それは、ターゲットとしているお客様に嘘をつくのではなく、全く逆のことなのです。
あなたが売ろうとしているモノであったり、伝えようとしているメッセージそのものの価値を自ら理解しながら伝えることが、宣伝においては非常に大事なことだと考えます。」
また、その特徴を掴まずに仕掛けようとすると逆効果になる可能性もあると説明しました。

続けて、アメリカと日本との文化を共有し長く友好な関係を築く為に、今回のようなワークショップを行うことで
文化交流も務めているというデール氏は「安部首相とオバマ大統領が首脳会議の中で発表した、2020年までに日本からアメリカへアメリカから日本へに向かう学生を倍増させるという計画がありますが、それは日米が深い友好関係をつくっていく上で非常に重要なことだと認識しています。
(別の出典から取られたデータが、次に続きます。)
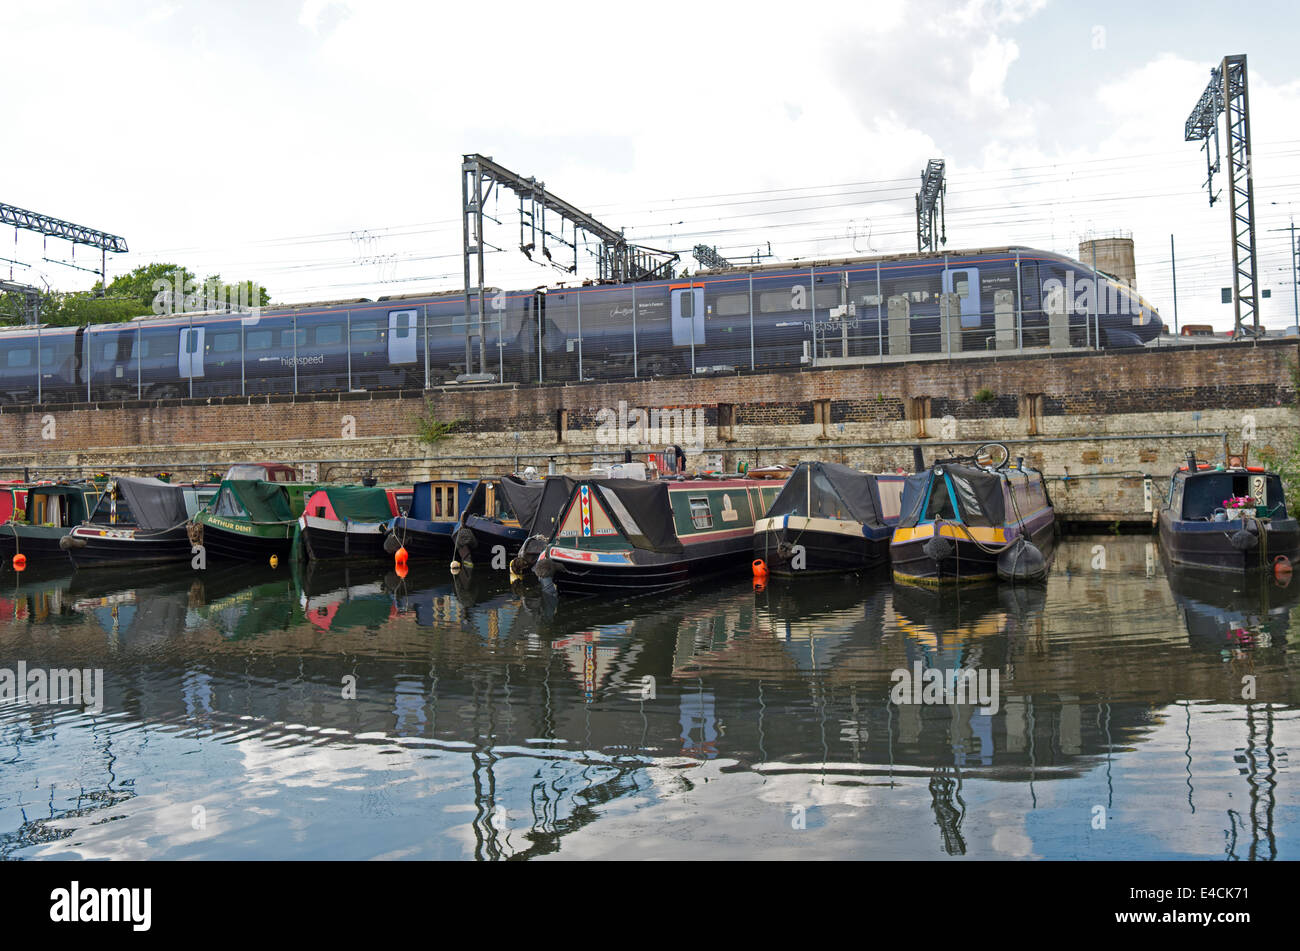 A Eurostar train passes alongside canal boats moored in the Regent's Canal in King's Cross, London. Stock Photo
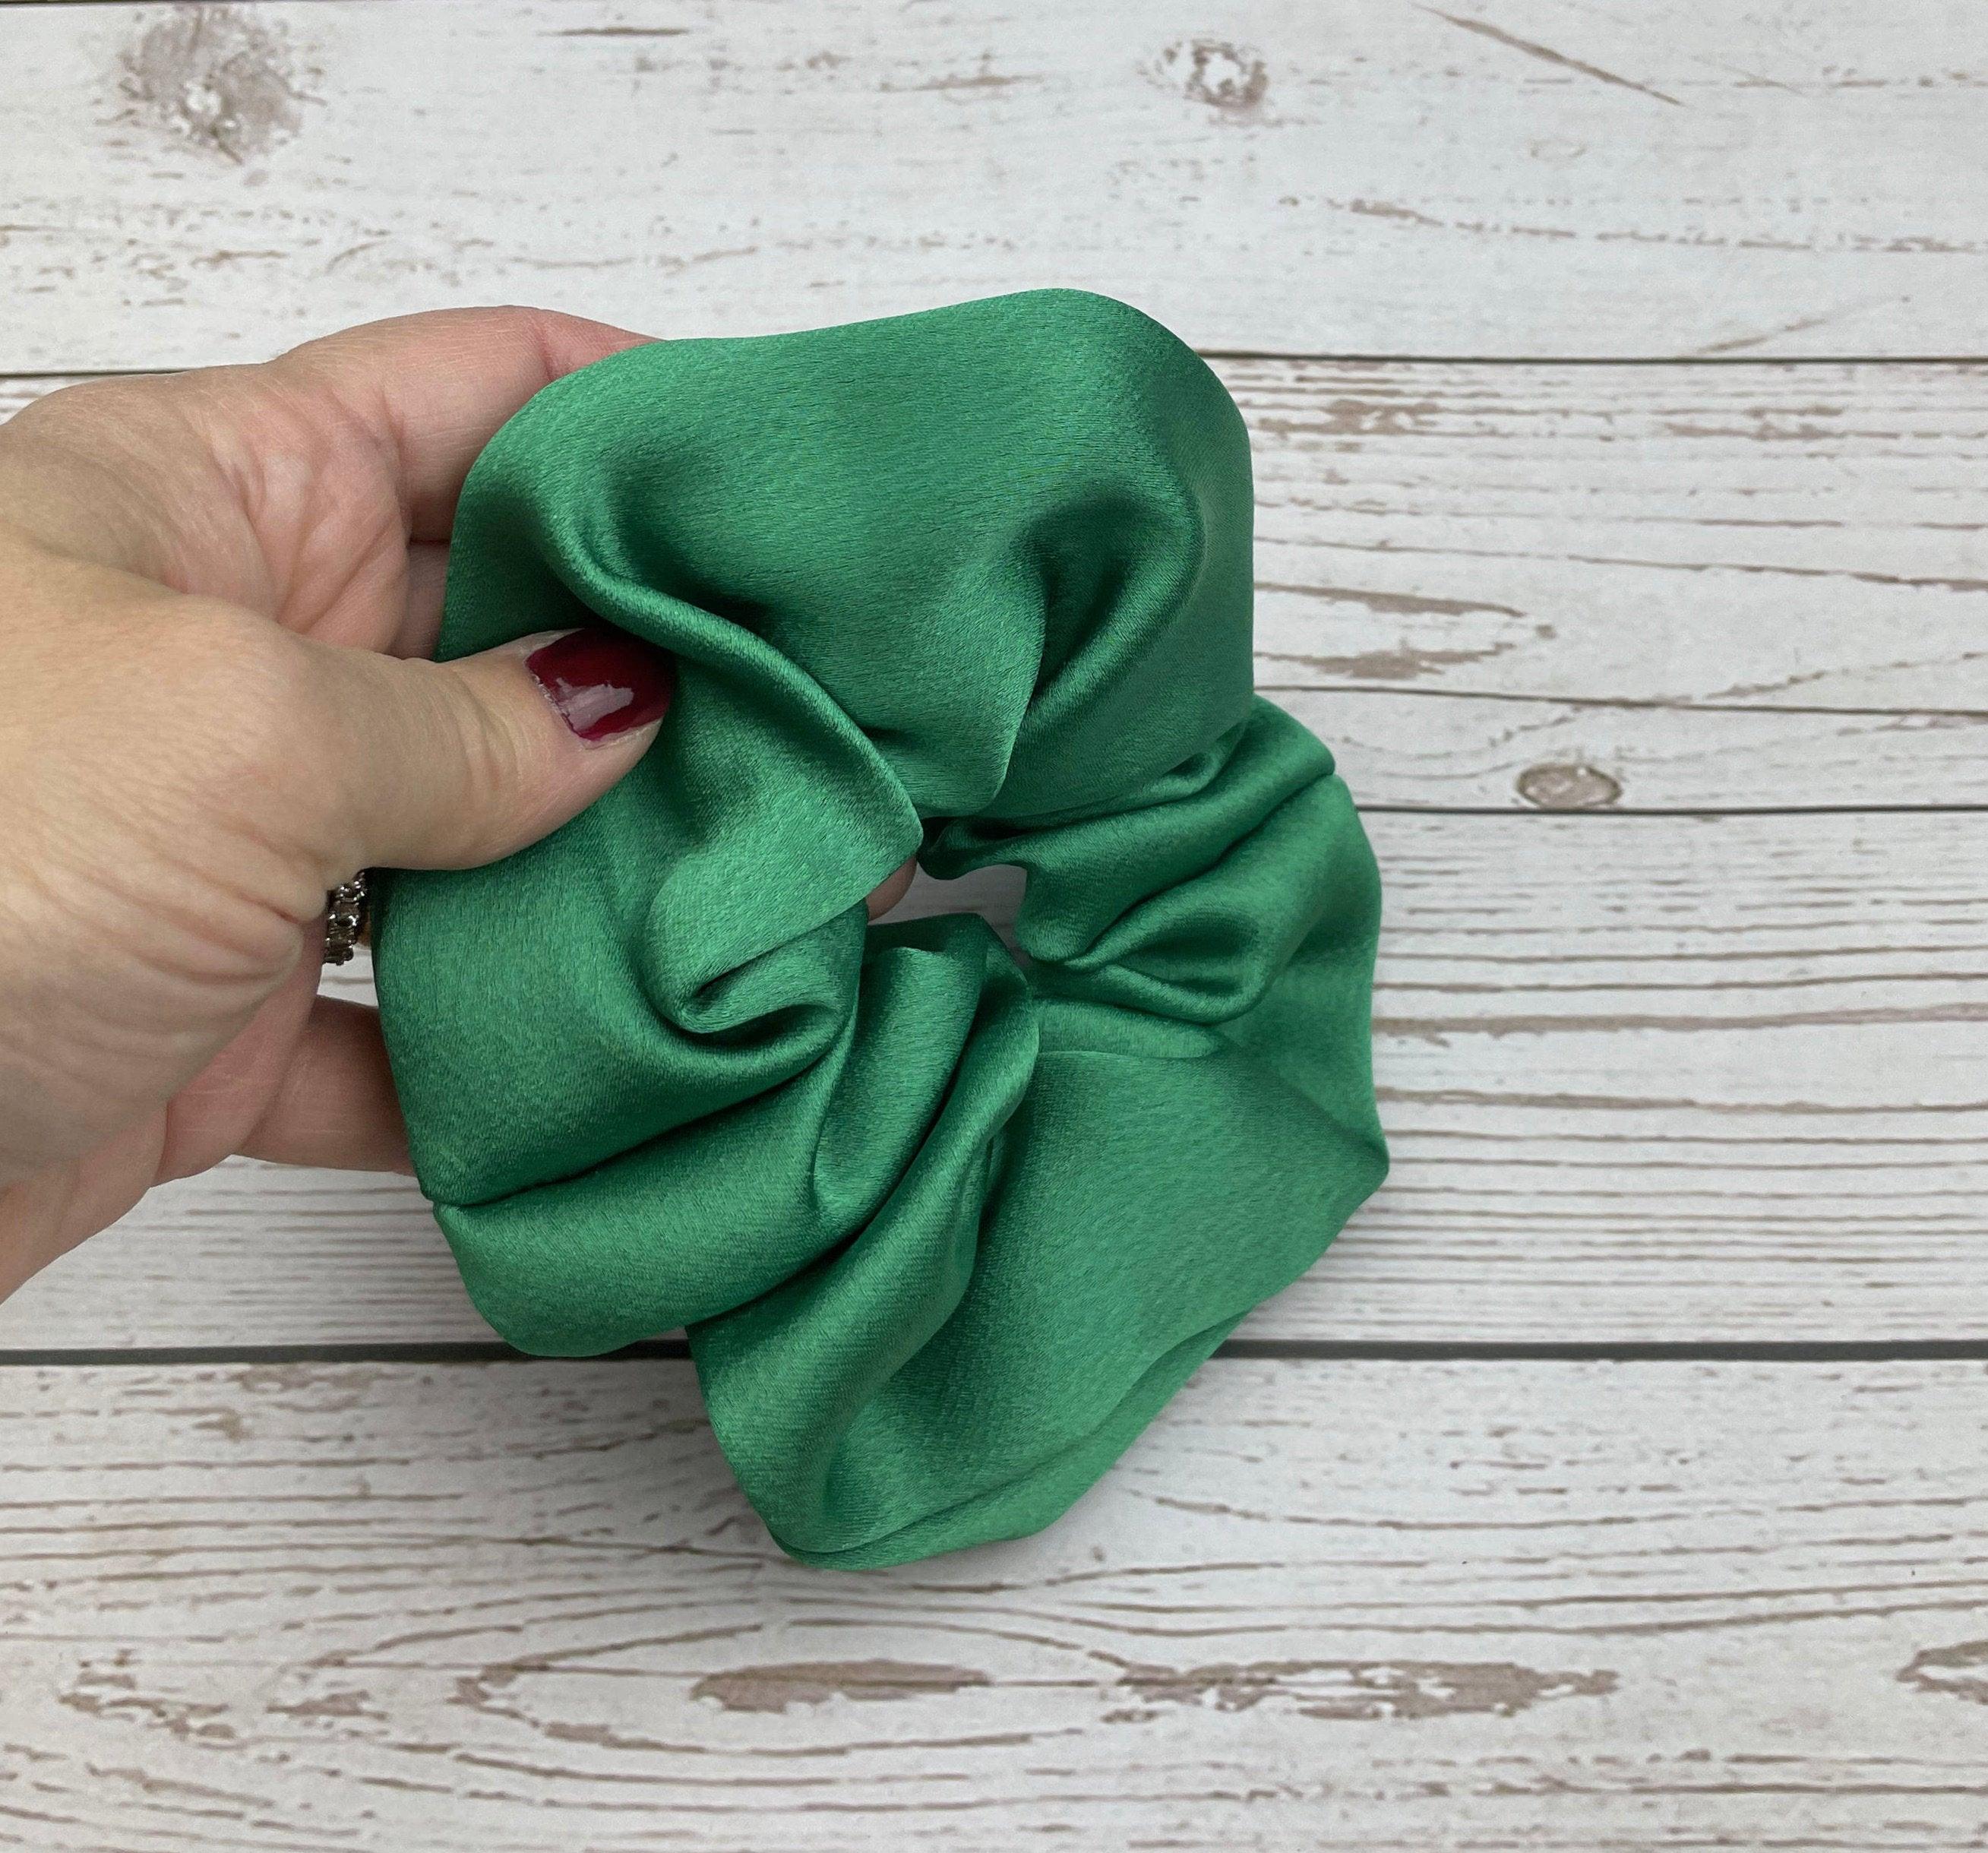 Beautiful Handmade Satin Scrunchie with Bow - Colorful Pattern Hair Accessory in Green, Lilac, Red, Beige and Orange - Hair Ties and Scrunchies available at Moyoni Design

」とコメント、そのミッションの為につくられたのが、大使館初のゆるキャラである豆夢(とむ)くんだといいます。
アメリカの有名なお菓子であるジェリービーンズを象徴するように、色んな形、色で多様性を象徴しているそうで
「留学に関するプローモーションをしていく上で、ターゲットとなるのは主に学生さんとなりますが、そういった方々に向けて非常に有効なアピール方法だと考えています。全世界にある大使館の中で、日本の大使館しかこういったゆるキャラは開発していません!」と明かし、この日本独自につくりだしたキャラクターが日本とアメリカの架け橋となることをアピールしました。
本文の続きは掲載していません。